Exercise directions: Return all of the data below verbatim and exclude every picture.

Information shown:
—————
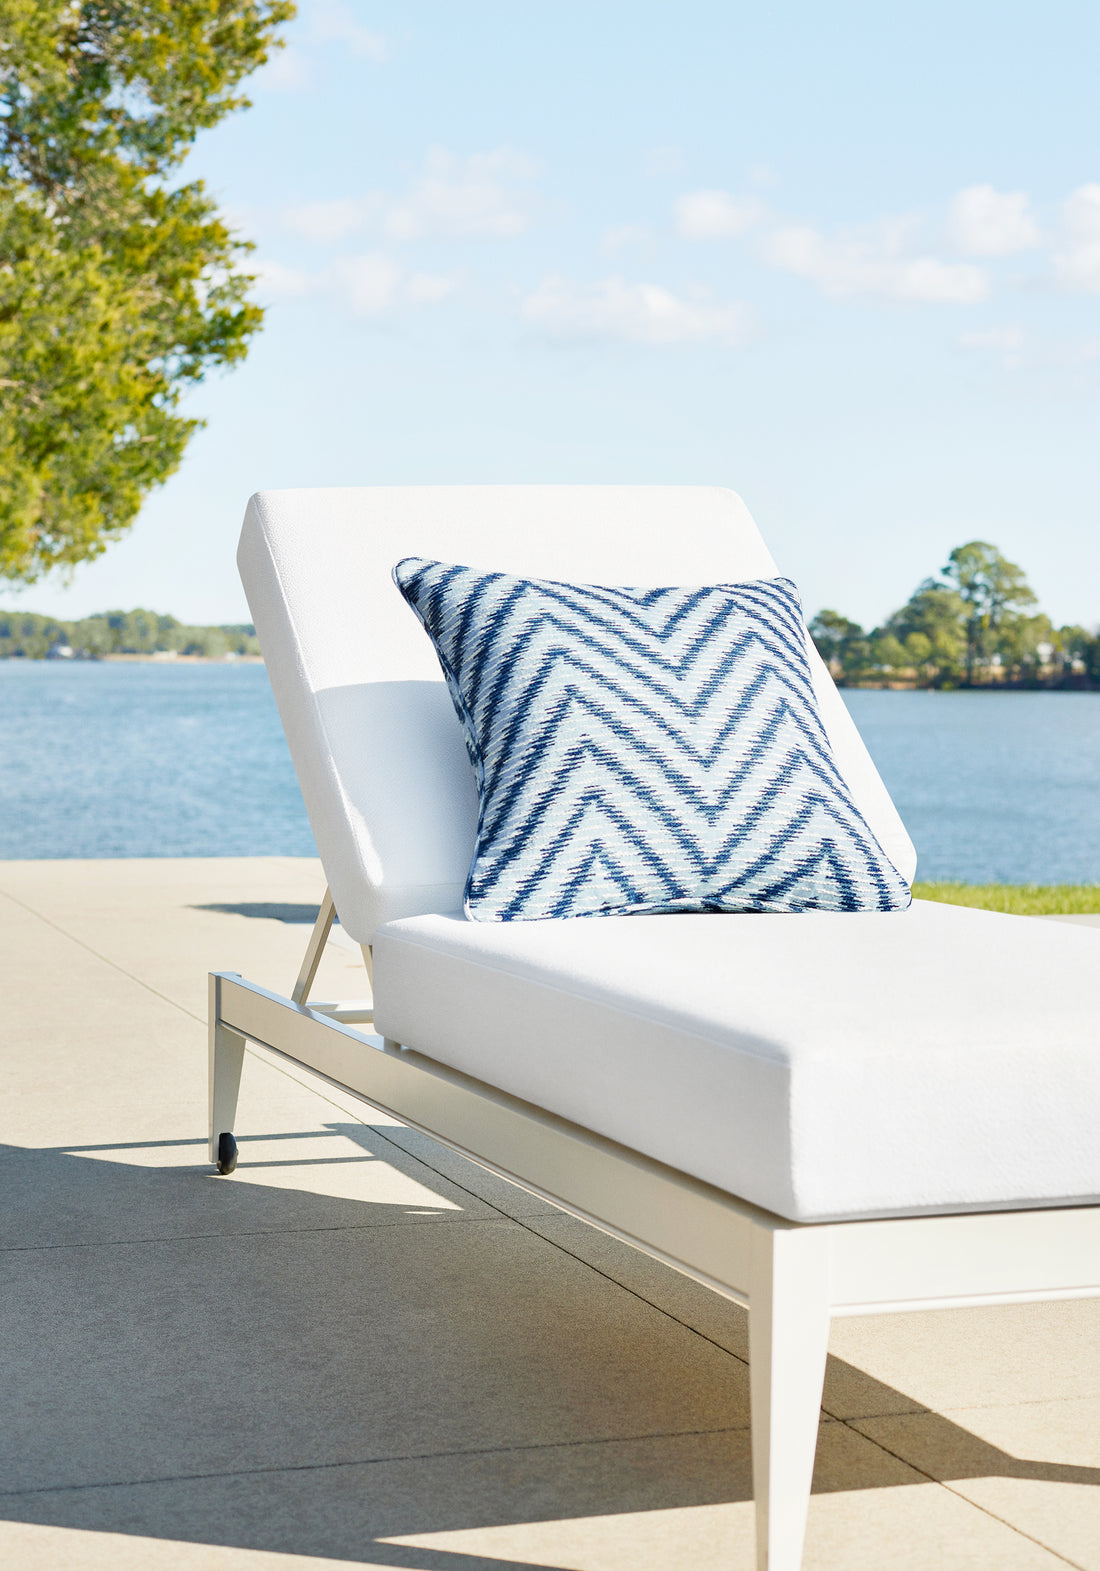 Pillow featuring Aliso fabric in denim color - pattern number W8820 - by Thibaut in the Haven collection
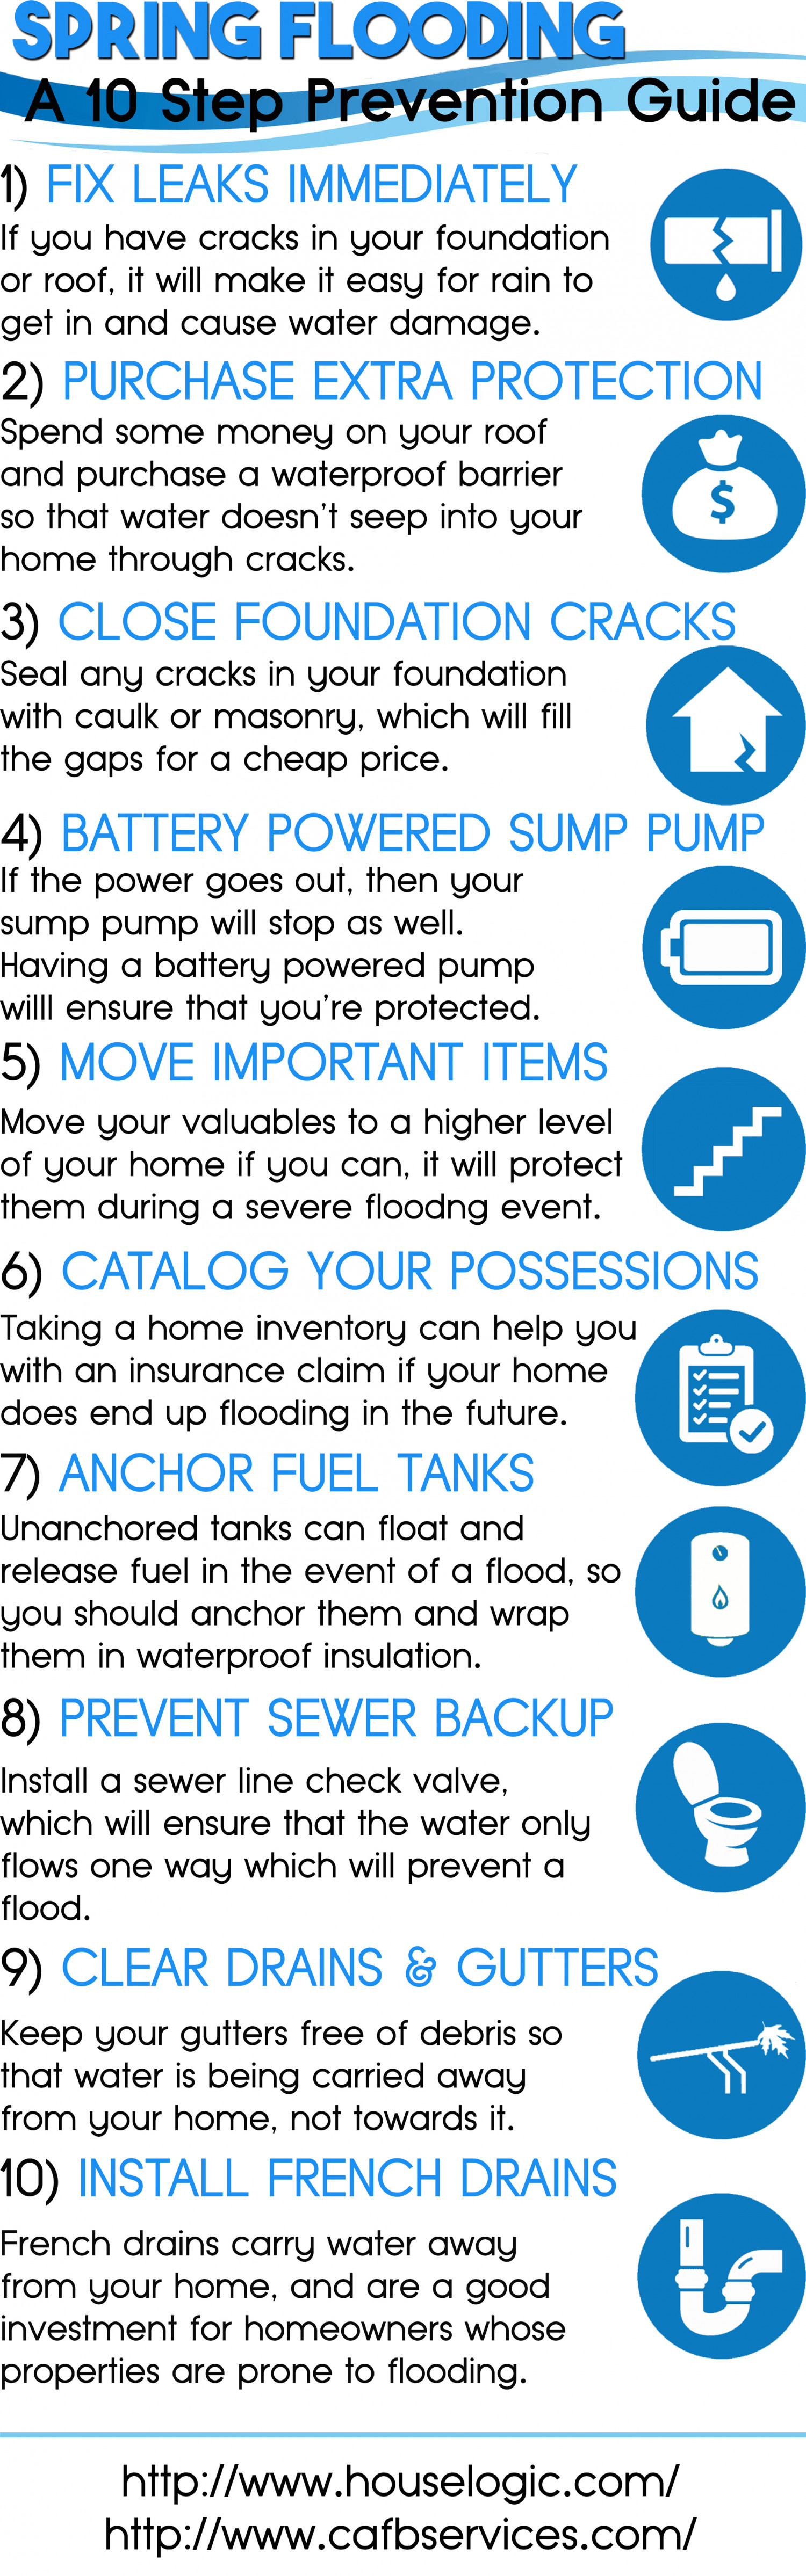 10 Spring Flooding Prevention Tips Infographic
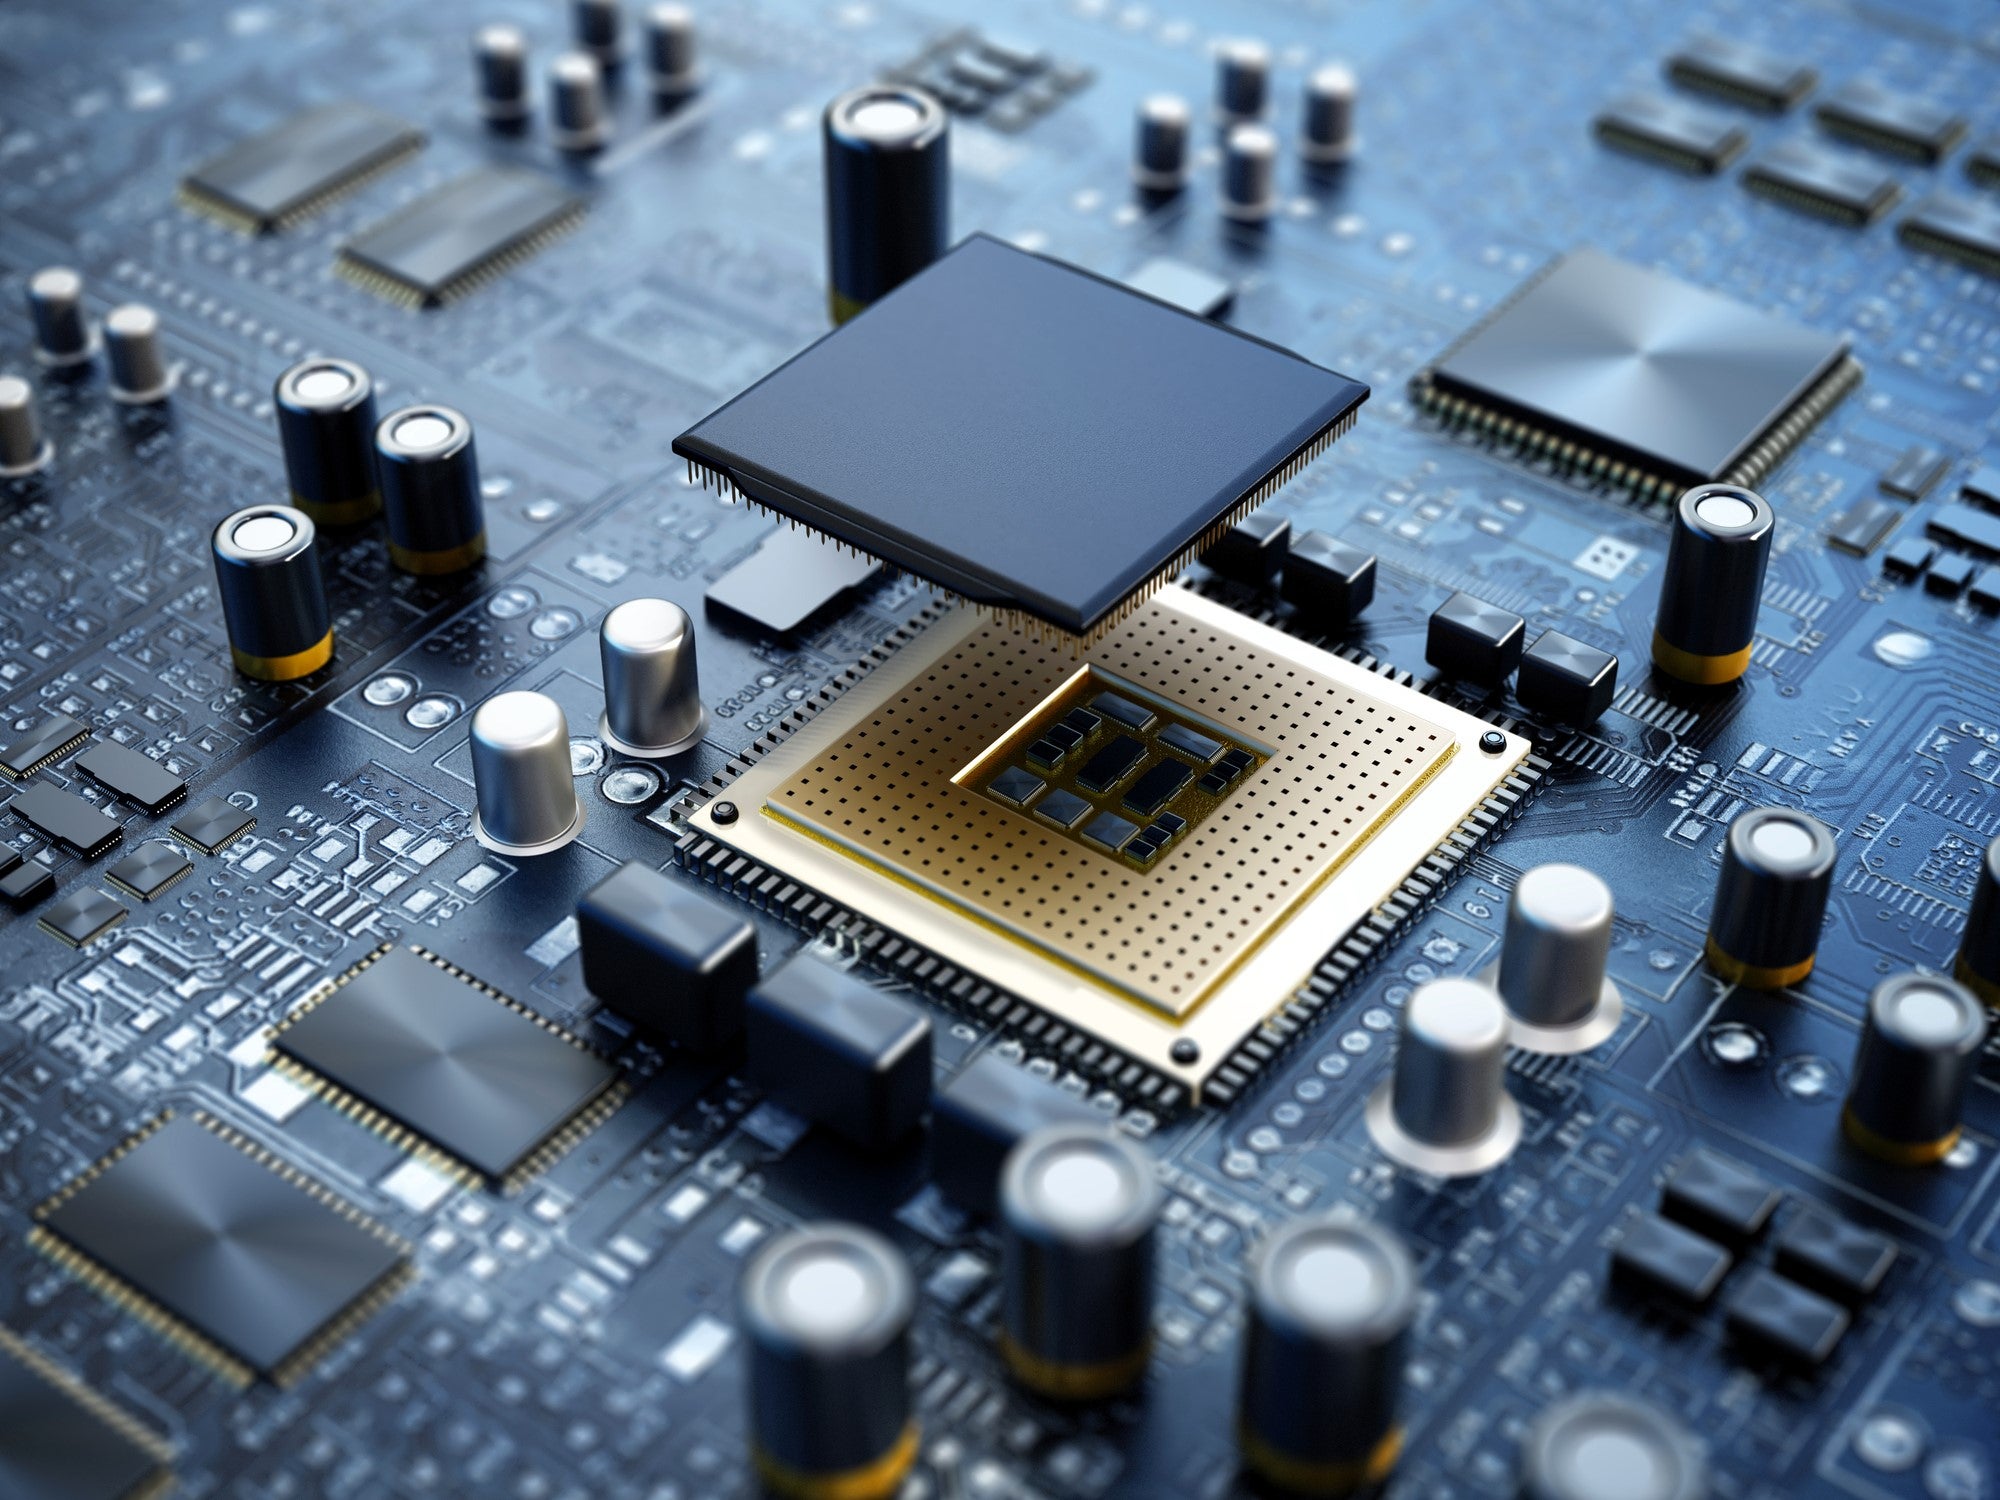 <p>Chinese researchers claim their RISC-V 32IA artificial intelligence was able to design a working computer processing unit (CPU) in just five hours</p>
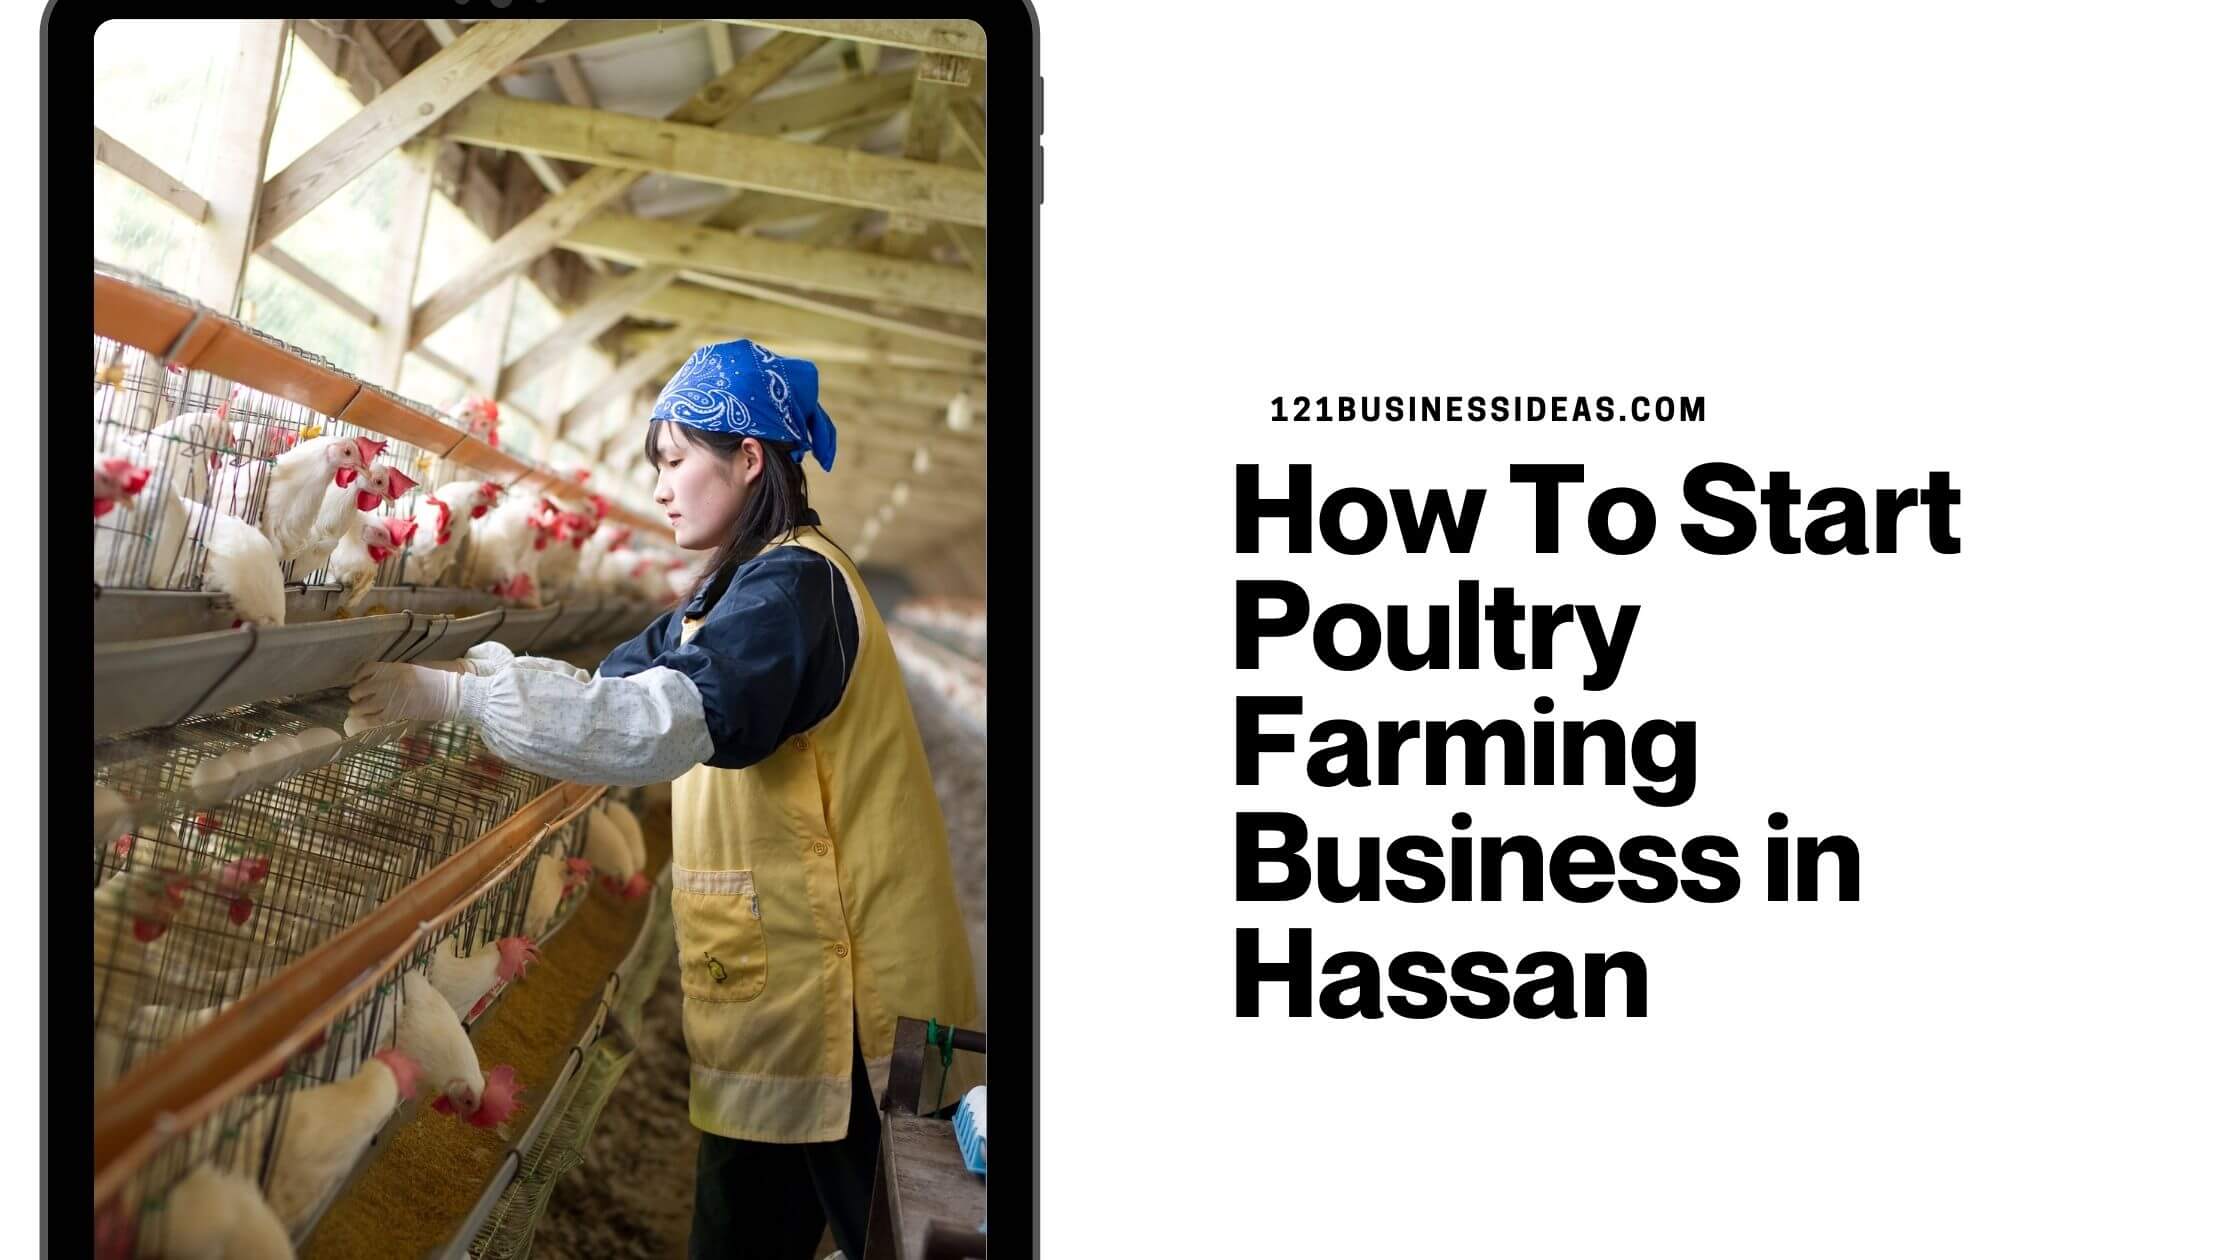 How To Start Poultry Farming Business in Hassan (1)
—————
Task answer:
 Pillow featuring Aliso fabric in denim color - pattern number W8820 - by Thibaut in the Haven collection
 10 Spring Flooding Prevention Tips Infographic
 <p>Chinese researchers claim their RISC-V 32IA artificial intelligence was able to design a working computer processing unit (CPU) in just five hours</p>
 How To Start Poultry Farming Business in Hassan (1)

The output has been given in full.